Transformations are key components to the data flow that change the data to a desired format. For example, you may want your data to be sorted and aggregated. Two transformations can accomplish this task for you. The nicest thing about transformations in SSIS is that it's all done in-memory and it no longer requires elaborate scripting as in SQL Server 2000 DTS. The transformation is covered in Chapters 4 and 6. Here's a complete list of transforms:

Aggregate: Aggregates data from transform or source.
Audit: The transformation that exposes auditing information to the package, such as when the package was run and by whom.
Character Map: This transformation makes string data changes for you, such as changing data from lowercase to uppercase.
Conditional Split: Splits the data based on certain conditions being met. For example, this transformation could be instructed to send data down a different path if the State column is equal to Florida.
Copy Column: Adds a copy of a column to the transformation output. You can later transform the copy, keeping the original for auditing purposes.
Data Conversion: Converts a column's data type to another data type.
Data Mining Query: Performs a data-mining query against Analysis Services.
Derived Column: Creates a new derived column calculated from an expression.
Export Column: This transformation allows you to export a column from the data flow to a file. For example, you can use this transformation to write a column that contains an image to a file.
Fuzzy Grouping: Performs data cleansing by finding rows that are likely duplicates.
Fuzzy Lookup: Matches and standardizes data based on fuzzy logic. For example, this can transform the name Jon to John.
Import Column: Reads data from a file and adds it into a data flow.
Lookup: Performs a lookup on data to be used later in a transformation. For example, you can use this transformation to look up a city based on the zip code.
Merge: Merges two sorted data sets into a single data set in a data flow.
Merge Join: Merges two data sets into a single data set using a join function.
Multicast: Sends a copy of the data to an additional path in the workflow.
OLE DB Command: Executes an OLE DB command for each row in the data flow.
Percentage Sampling: Captures a sampling of the data from the data flow by using a percentage of the total rows in the data flow.

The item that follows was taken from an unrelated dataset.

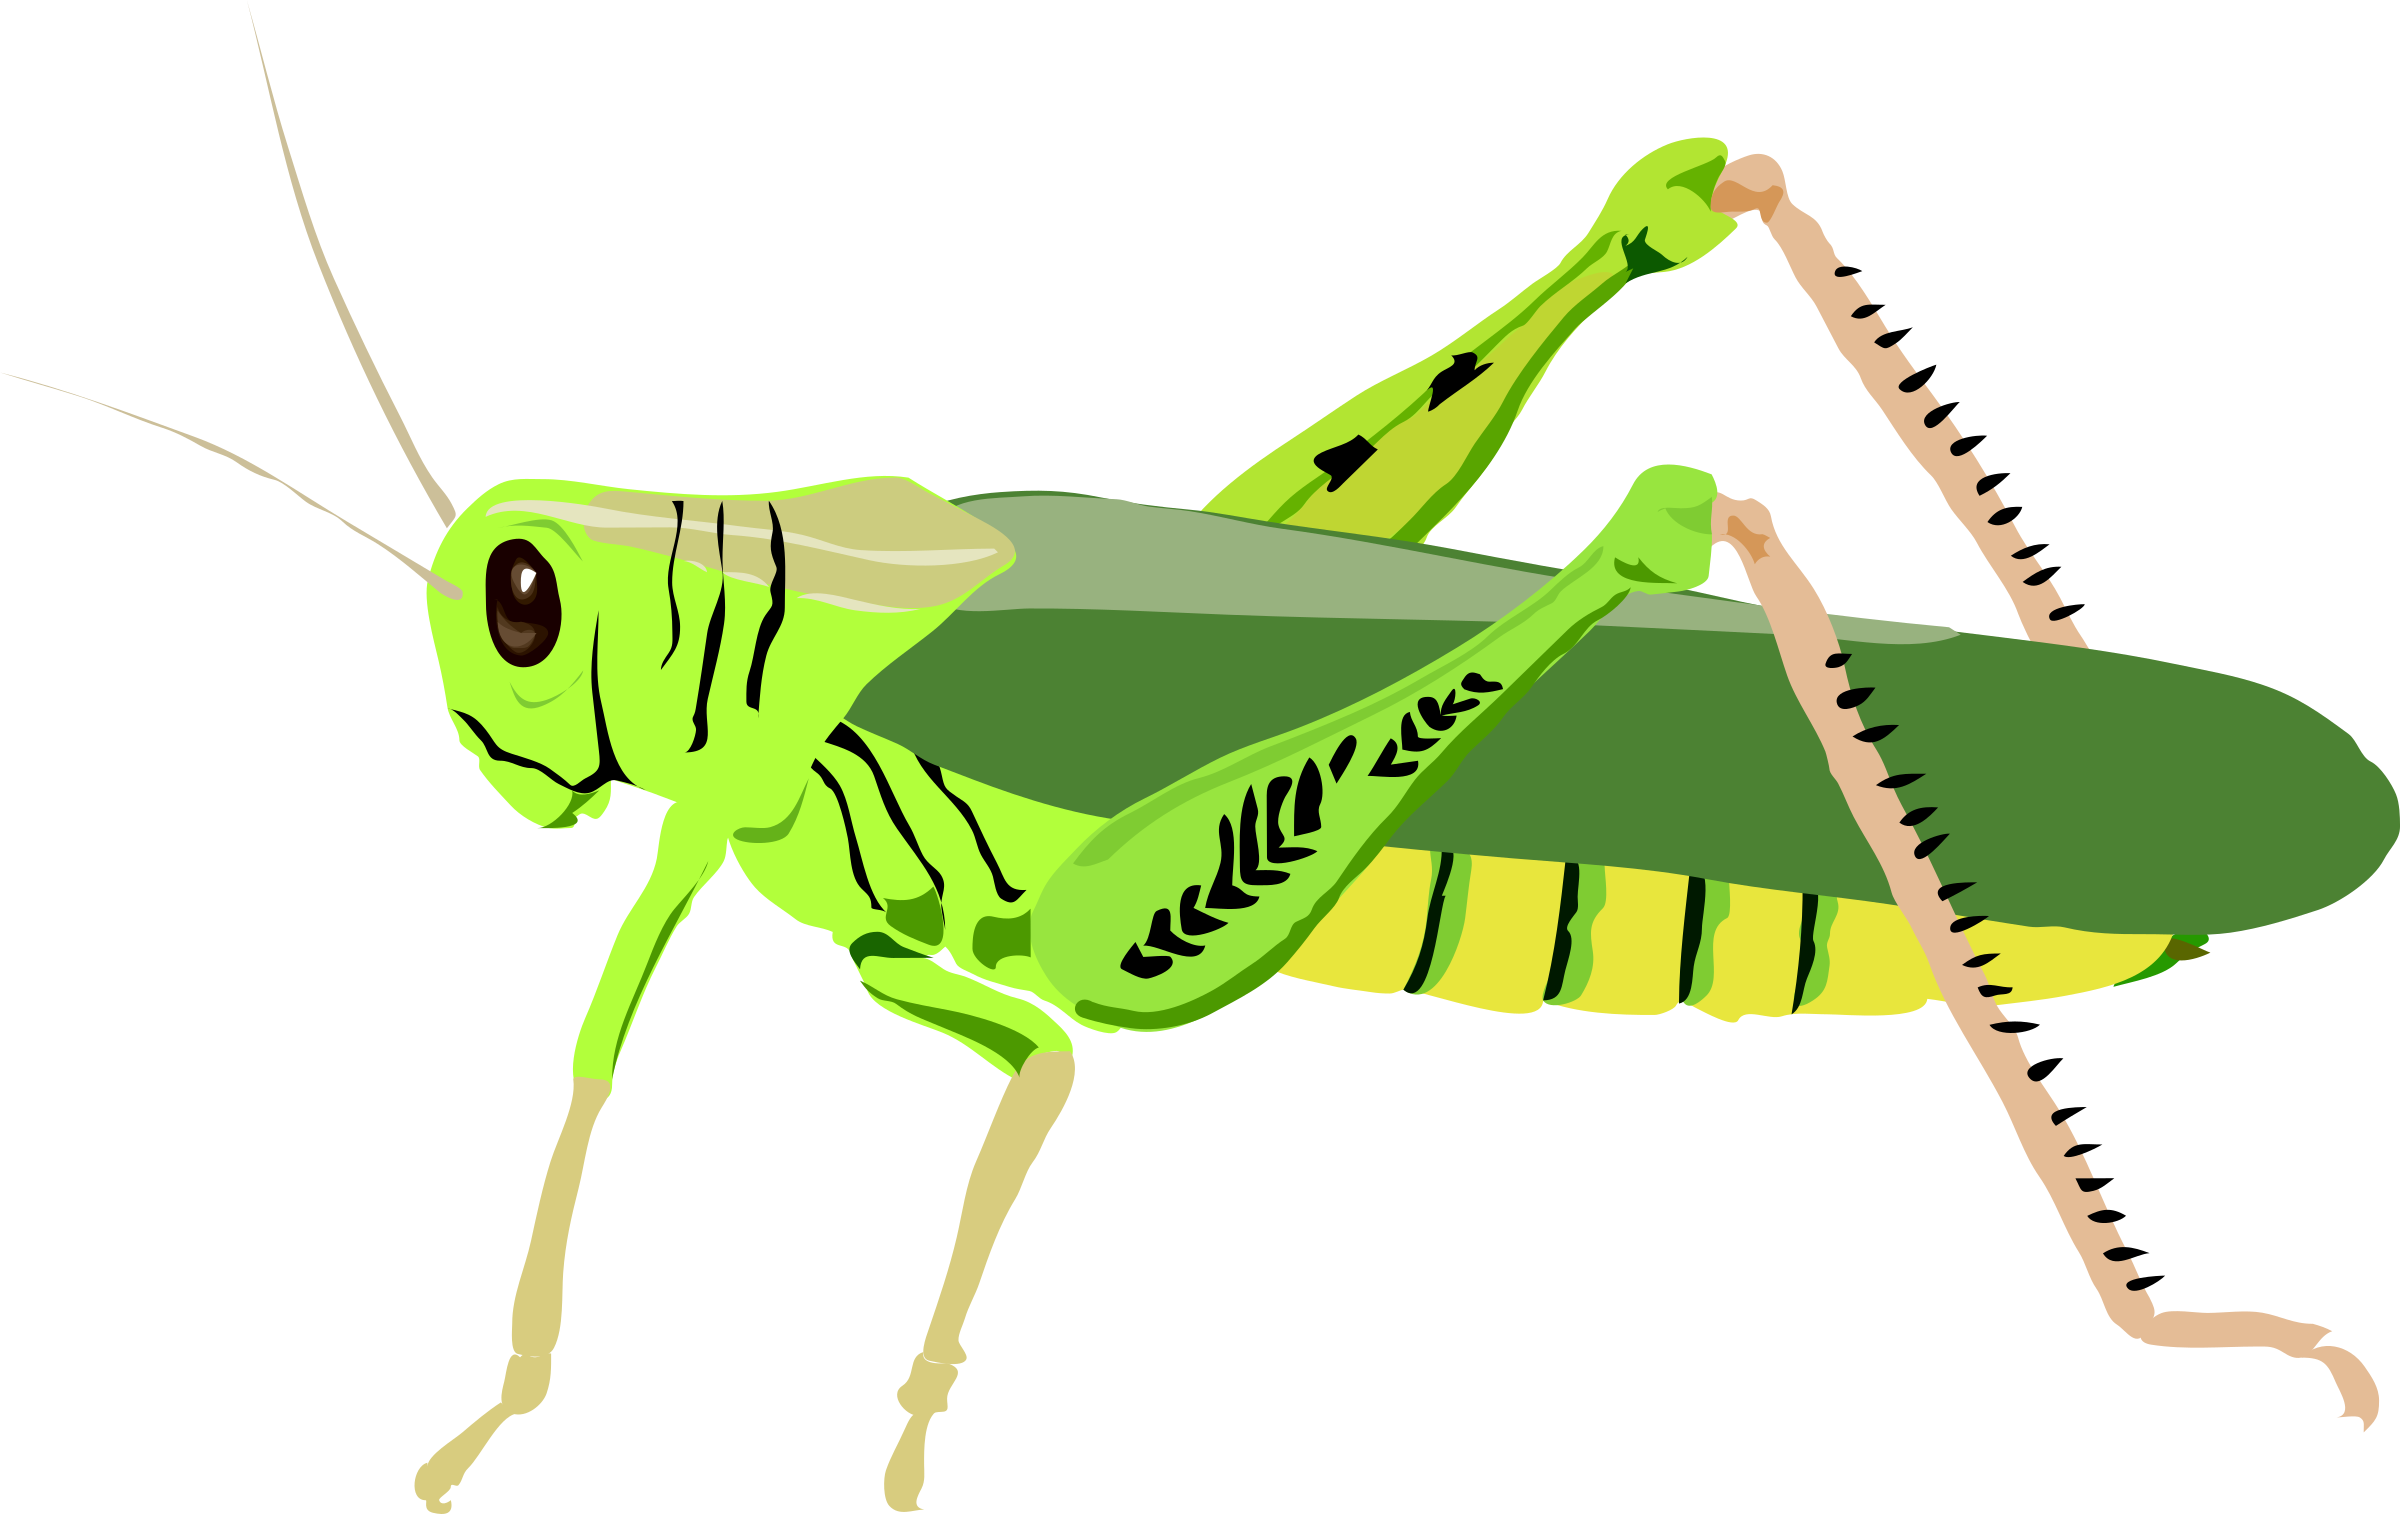 Grasshopper clipart small. Architetto cavalletta big image

Pivot: Pivots the data on a column into a more non-relational form. Pivoting a table means that you can slice the data in multiple ways, much like in OLAP and Excel.
Row Count: Stores the row count from the data flow into a variable.
Row Sampling: Captures a sampling of the data from the data flow by using a row count of the total rows in the data flow.
Script Component: Uses a script to transform the data. For example, you can use this to apply specialized business logic to your data flow.
Slowly Changing Dimension: Coordinates the conditional insert or update of data in a slowly changing dimension. You'll learn the definition of this term and study the process in Chapter 6.
Sort: Sorts the data in the data flow by a given column.
Term Extraction: Looks up a noun or adjective in text data.
Term Lookup: Looks up terms extracted from text and references the value from a reference table.
Union All: Merges multiple data sets into a single data set.
Unpivot: Unpivots the data from a non-normalized format to a relational format.